The historical parallel that Qualcomm's leadership keeps invoking is Nvidia's transformation from a graphics card company into the default compute infrastructure for AI. Nvidia's five-year stock surge of approximately 911% reflects the leverage that comes from owning the compute fabric for a dominant new workload. Qualcomm is betting that 6G radio networks will generate a similarly large and durable compute demand — and that it can occupy the silicon position in that network before Nvidia or Ericsson locks it down.

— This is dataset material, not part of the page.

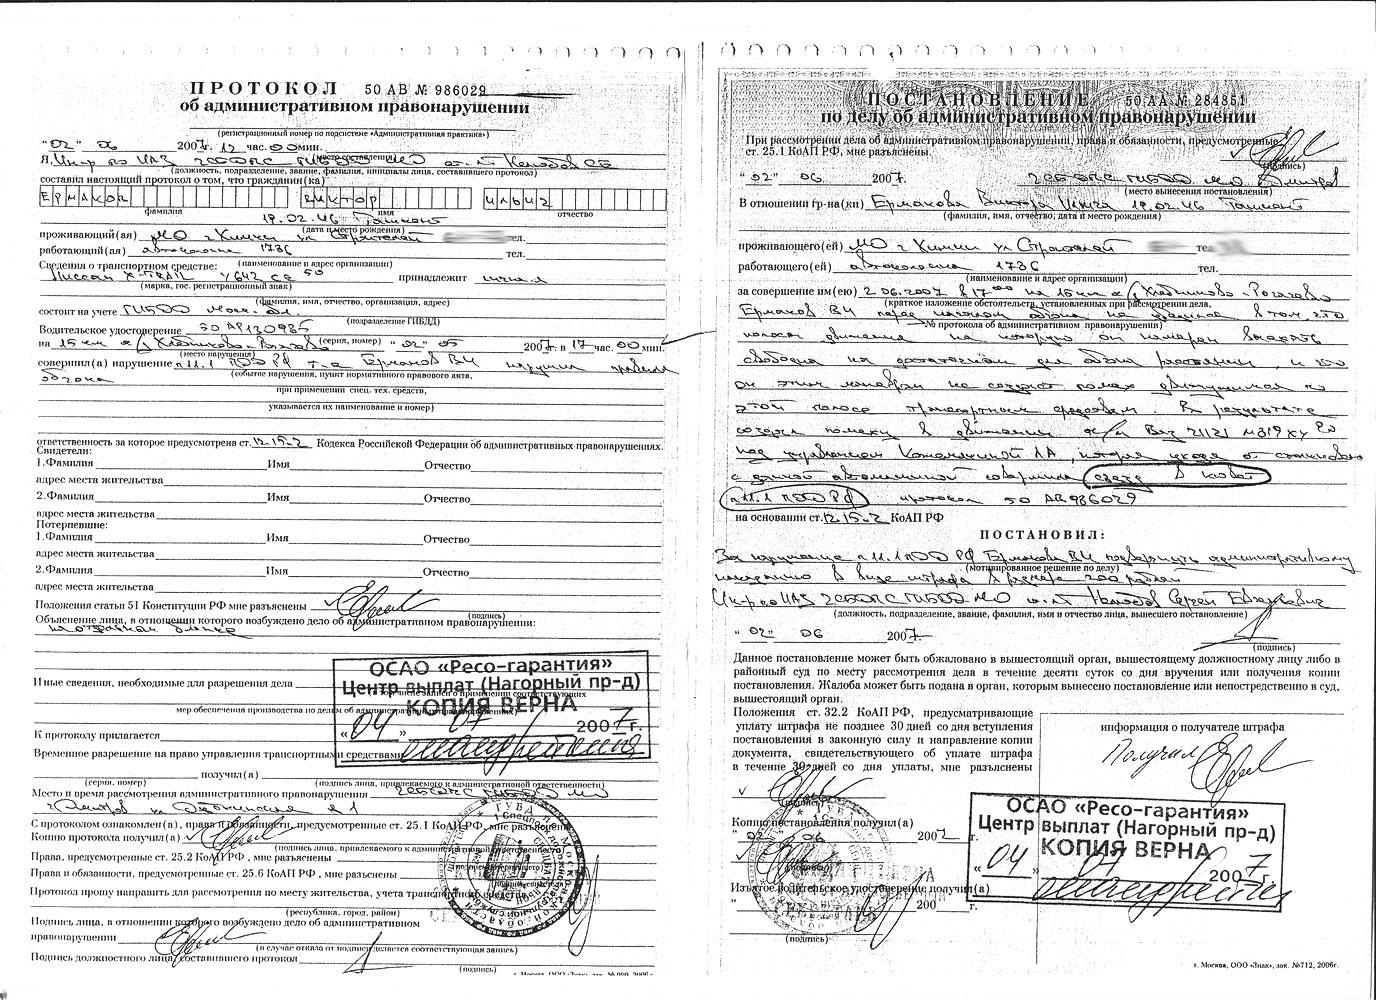 Куда в гибдд заносятся определения об продлении сроков административного расследования Лис

Qualcomm's first 6G silicon is targeted for 2028, with early commercial launches in 2029 and deployment at scale by 2030, CEO Cristiano Amon said on the company's Q2 FY2026 earnings call. The 3GPP standards body locked the Release 21 specification timeline in June, setting a March 2029 freeze date — the point at which chip vendors can begin designing certified 6G silicon. That timeline is tight, and it is the same window Nvidia's Nokia alliance is building toward.
The small-cell exit, seen in this light, is not an admission of defeat. It is a conservation of engineering resources for a bet that carries far higher stakes — and far less margin for error.

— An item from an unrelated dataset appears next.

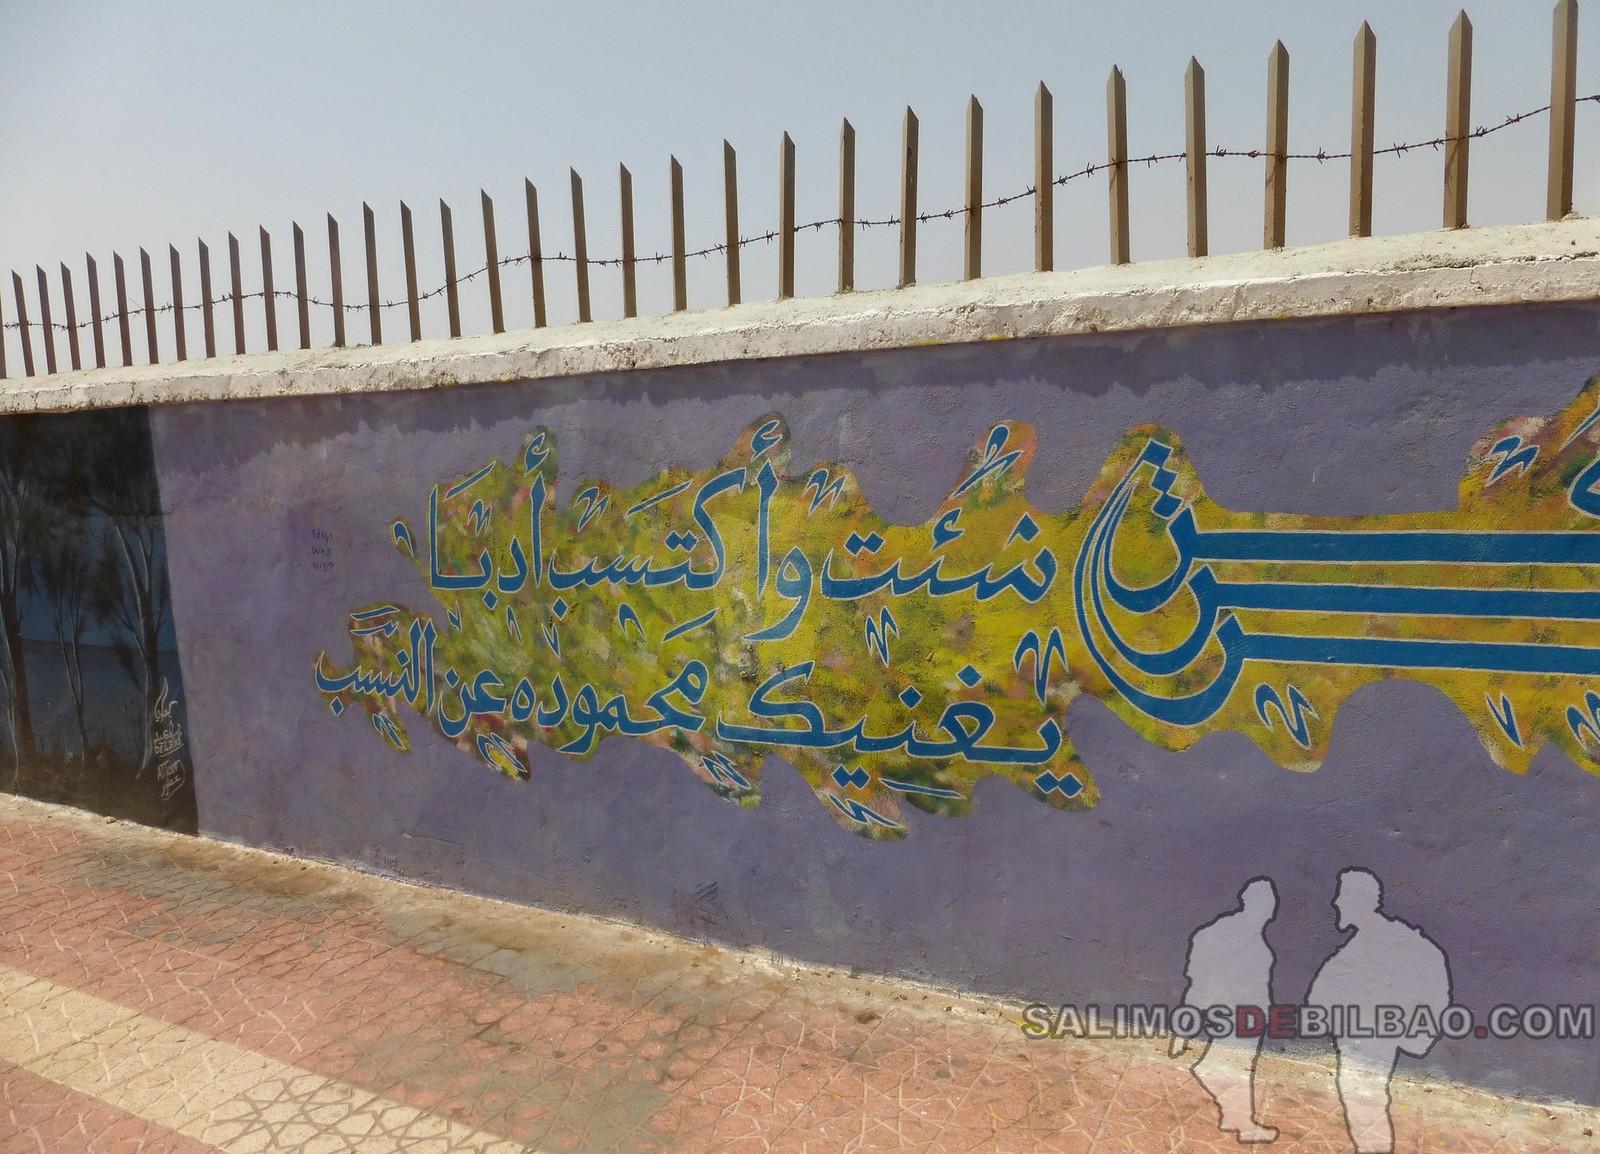 179. Grafitis, Paseo del al centro, Dakhla

Qualcomm stopped selling its FSM100 and FSM200 small-cell chips to new customers starting in late 2025, keeping support in place for existing clients but ending new-buyer engagement. The exit frees engineering resources for 6G RAN silicon, where Qualcomm believes the compute market is substantially larger and structurally more defensible than in 5G small-cell hardware, where Ericsson and Nokia hold commanding positions.
Nokia launched its commercial AI-native RAN platform on July 15, 2026, built on Nvidia's Aerial AI-RAN software and CUDA-powered GPU hardware. The platform targets more than 100% spectral efficiency gains by 2028 and will enter T-Mobile field trials before year-end, with commercial service in 2027. Its significance for Qualcomm is competitive: Nokia chose Nvidia's silicon for the Layer 1 compute role that Qualcomm is positioning to fill in 6G. The more operators build AI-RAN workflows on CUDA, the stronger Nvidia's software moat becomes — which is exactly what the Modular acquisition is designed to counter.

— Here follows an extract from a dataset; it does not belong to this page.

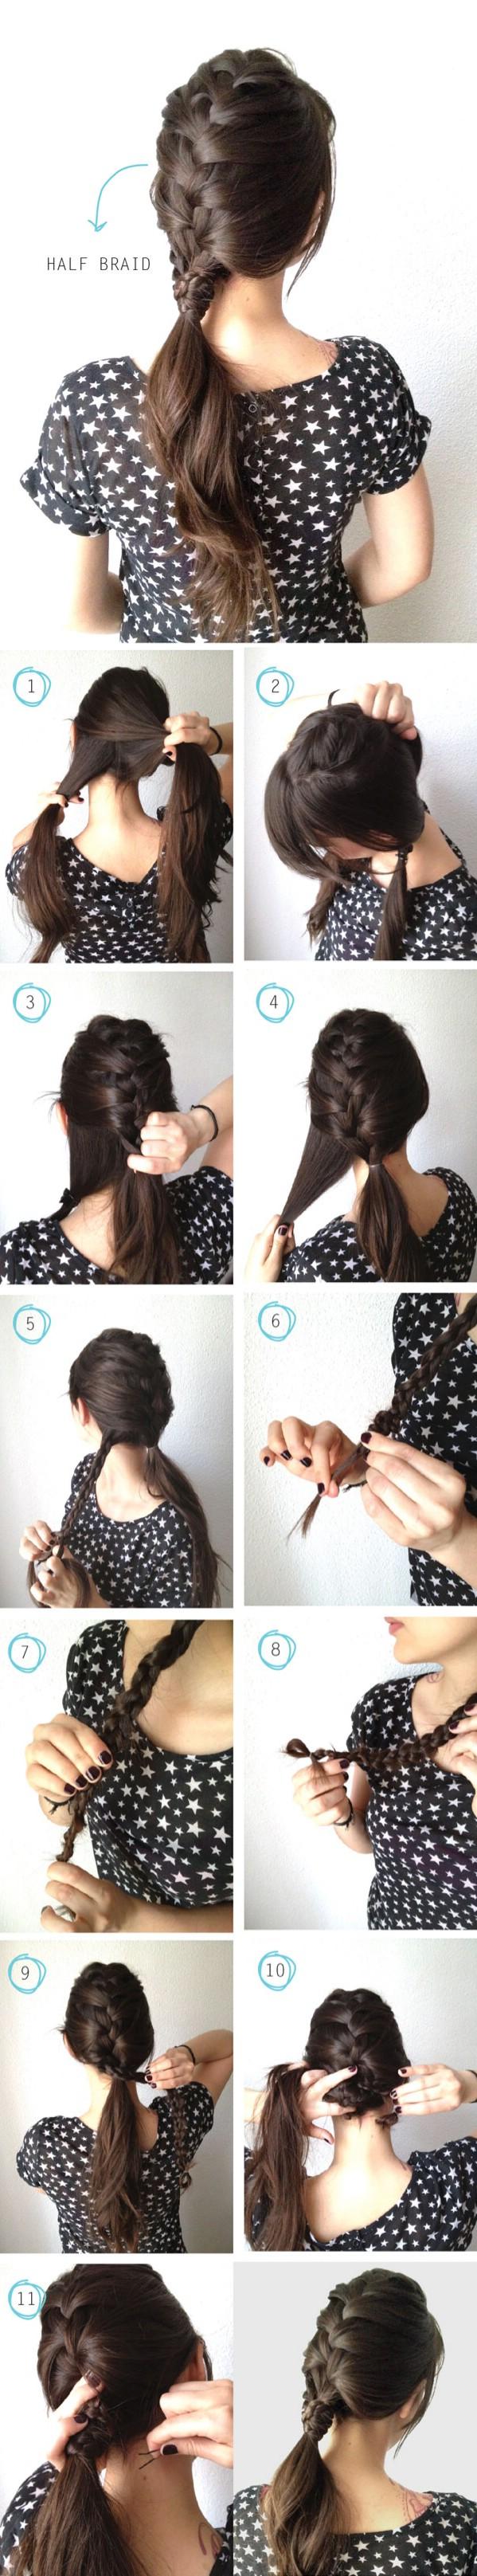 French half braid with braided wrap

Modular's Mojo programming language and MAX inference engine let developers write AI code once and deploy it across chips from Nvidia, AMD, Intel, and Qualcomm without hardware-specific rewrites. This directly targets CUDA lock-in, which has kept roughly four million developers tied to Nvidia hardware for nearly two decades. The deal, valued at approximately $3.92 billion and announced June 24, is expected to close in the second half of 2026. The critical open question is whether Qualcomm will keep MAX genuinely hardware-agnostic after the acquisition closes or optimize it primarily for Qualcomm silicon — which would replace one form of lock-in with another.
Not exactly. Qualcomm's stated 6G strategy involves providing the silicon and compute platform — the Layer 1 accelerator and eventually a full distributed-unit server including CPU and NPU — while leaving Layer 2 and Layer 3 software to established RAN vendors. Ericsson's CEO has named Qualcomm as a possible future hardware supplier, which suggests a co-existence model is at least plausible. What Qualcomm is betting against is a future where traditional vendors lock operators into proprietary compute stacks the way they have in 5G — and in that bet, its most direct competitor is not Ericsson but Nvidia.